A deeper challenge is emerging too: declining investment in adult skills. Midlife workers disproportionately occupy roles most vulnerable to automation or physical strain, yet receive the least training. The UK is drifting toward both an age cliff and a skills cliff simultaneously.
Panel Participants
Standard Life Centre for the Future of Retirement
The State Pension Age Dilemma
Dr. Suzy Morrissey, Independent Reviewer of the Third State Pension Age Review, underscored the policy complexity ahead. Her mandate is not to set a new pension age, but to outline the factors that must inform future decisions.
“We have a universal pension age, but non-universal realities,” she said. “People do not arrive at 66 in the same physical condition, with the same work history, or the same financial resilience.”

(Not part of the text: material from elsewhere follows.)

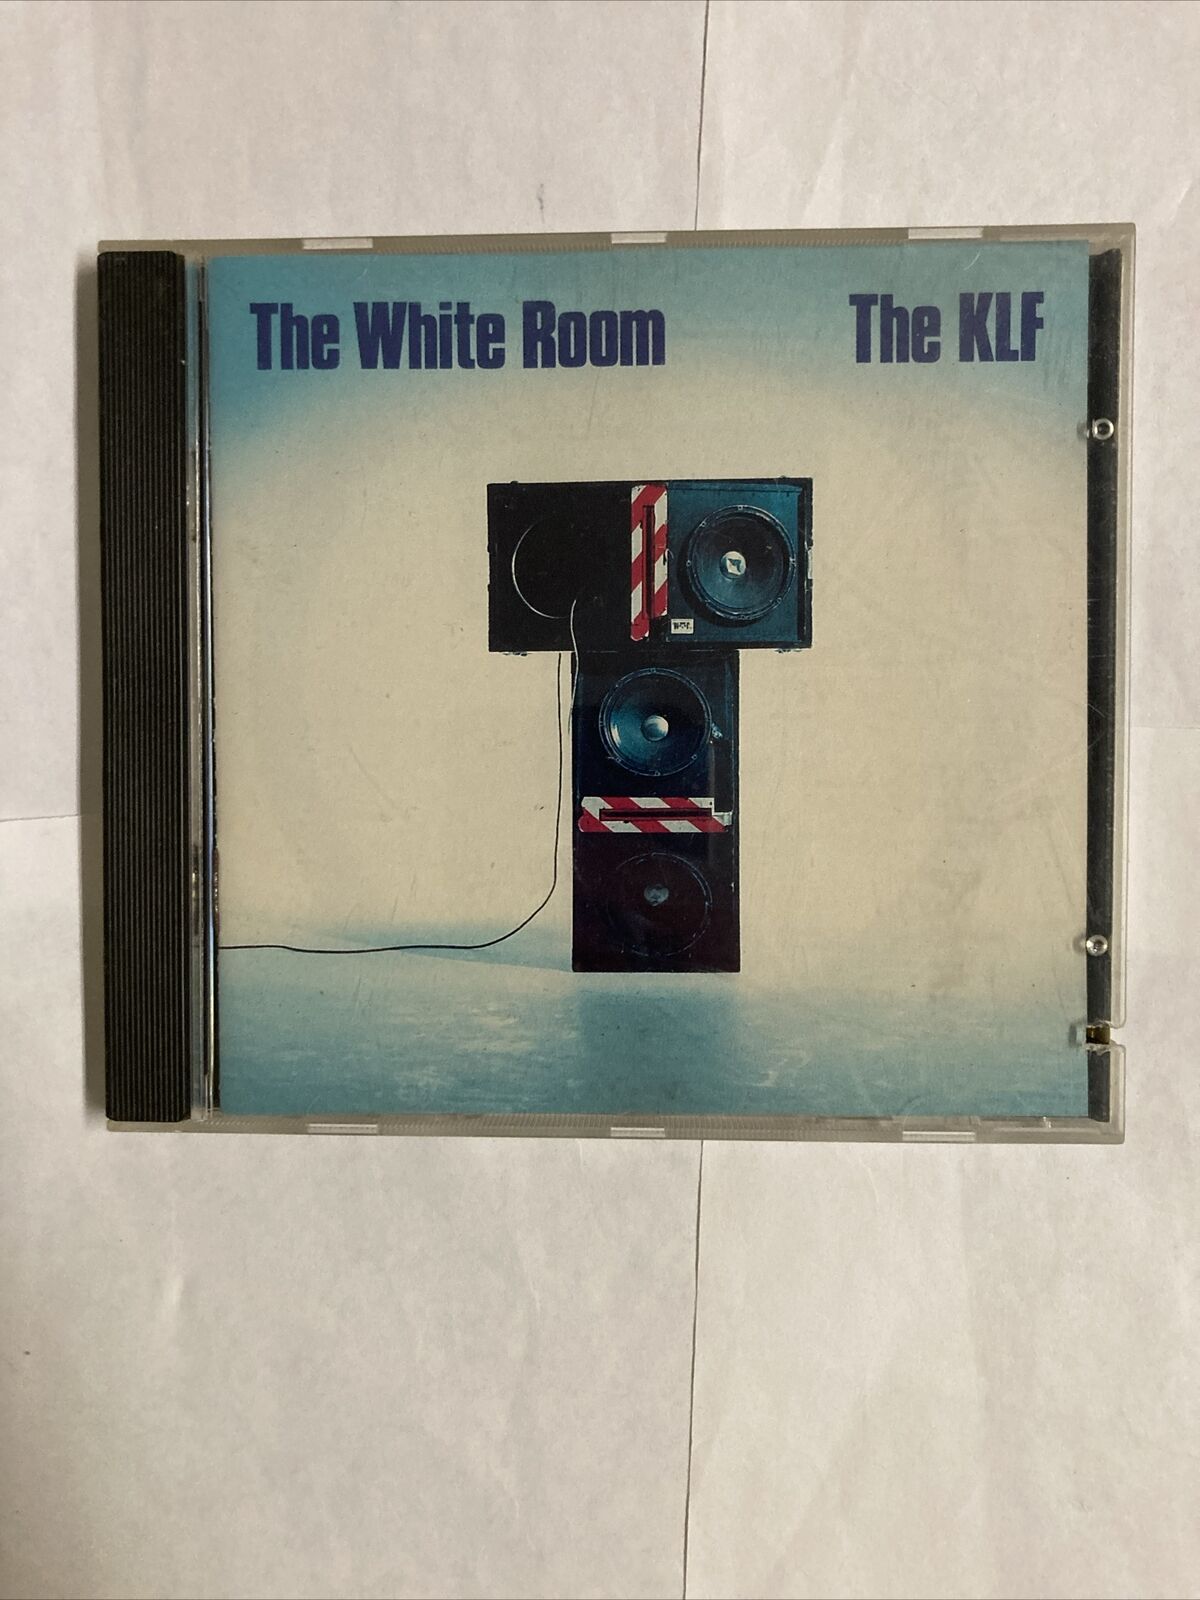 The White Room by The KLF (CD, 1991, Arista ARCD-8657
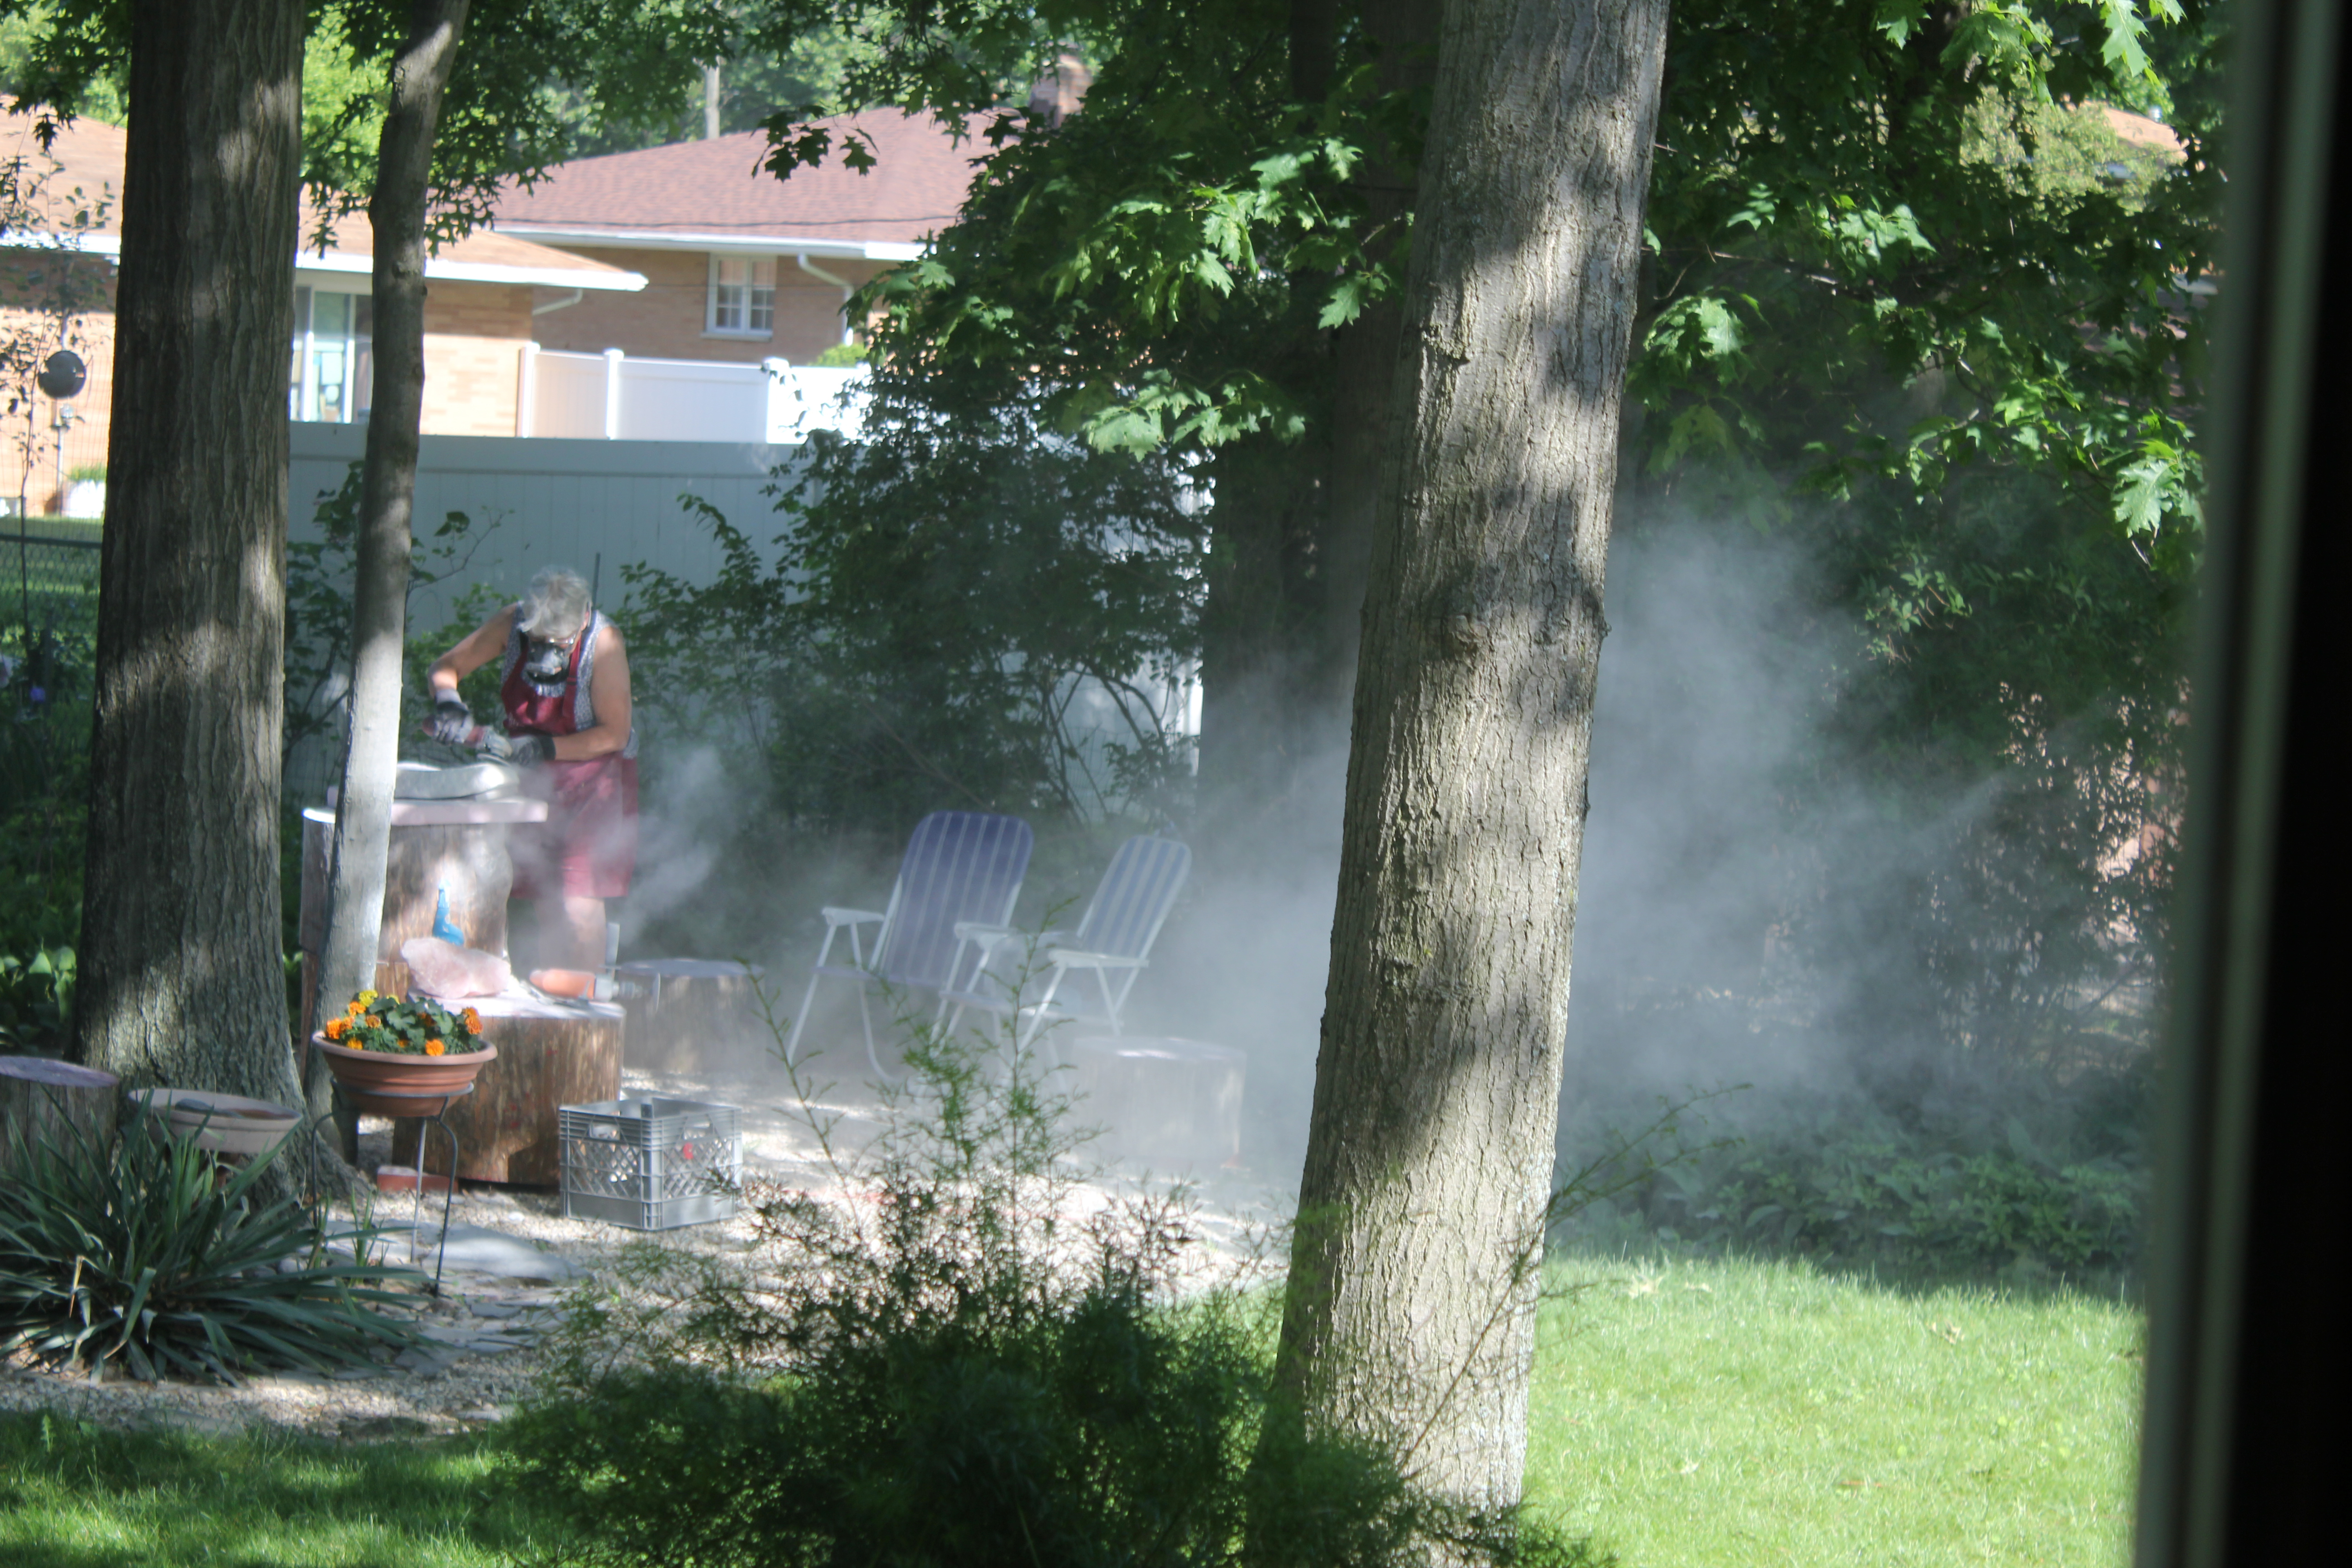 Working in a cloud of dust in our backyard

Her warning was clear: “We cannot assume that raising the State Pension Age by a year means people will work one year longer. That is not what’s happening now, and it will not magically happen in the future.”
Inequalities—regional, health, and gendered—are widening, not narrowing. Women, in particular, are more likely to leave work due to caring responsibilities, have lower pensions, and experience earlier health decline.
The pension debate will only intensify as longevity increases and healthy life expectancy stagnates.
How the UK Can Rebuild a Future-Ready Workforce
Catherine Foot, Director of the Standard Life Centre for the Future of Retirement, urged a more integrated approach.
Catherine Foot, Director
Standard Life Centre for the Future of Retirement
“We’ve doubled life expectancy in a century,” she noted, “but we haven’t doubled healthy life expectancy, workforce participation, or people’s sense of security in later life.”
She argued that retirement is often described as a cliff edge—but for many, the real cliff arrives much earlier, when health, caring responsibilities, or ageism push them out before they wish or can afford to leave.
Foot emphasised what employers routinely overlook: the productivity upside of older workers—stability, experience, emotional intelligence, and crucial institutional knowledge.
The panel converged on five priorities:
- Scale workplace health interventions
- Make flexibility the default
- Support midlife career redesign
- Confront ageism directly
- Align pension policy with unequal ageing realities
Thomson closed the discussion with a simple truth: “Longer lives don’t automatically translate into longer, better working lives. We have to design for it.”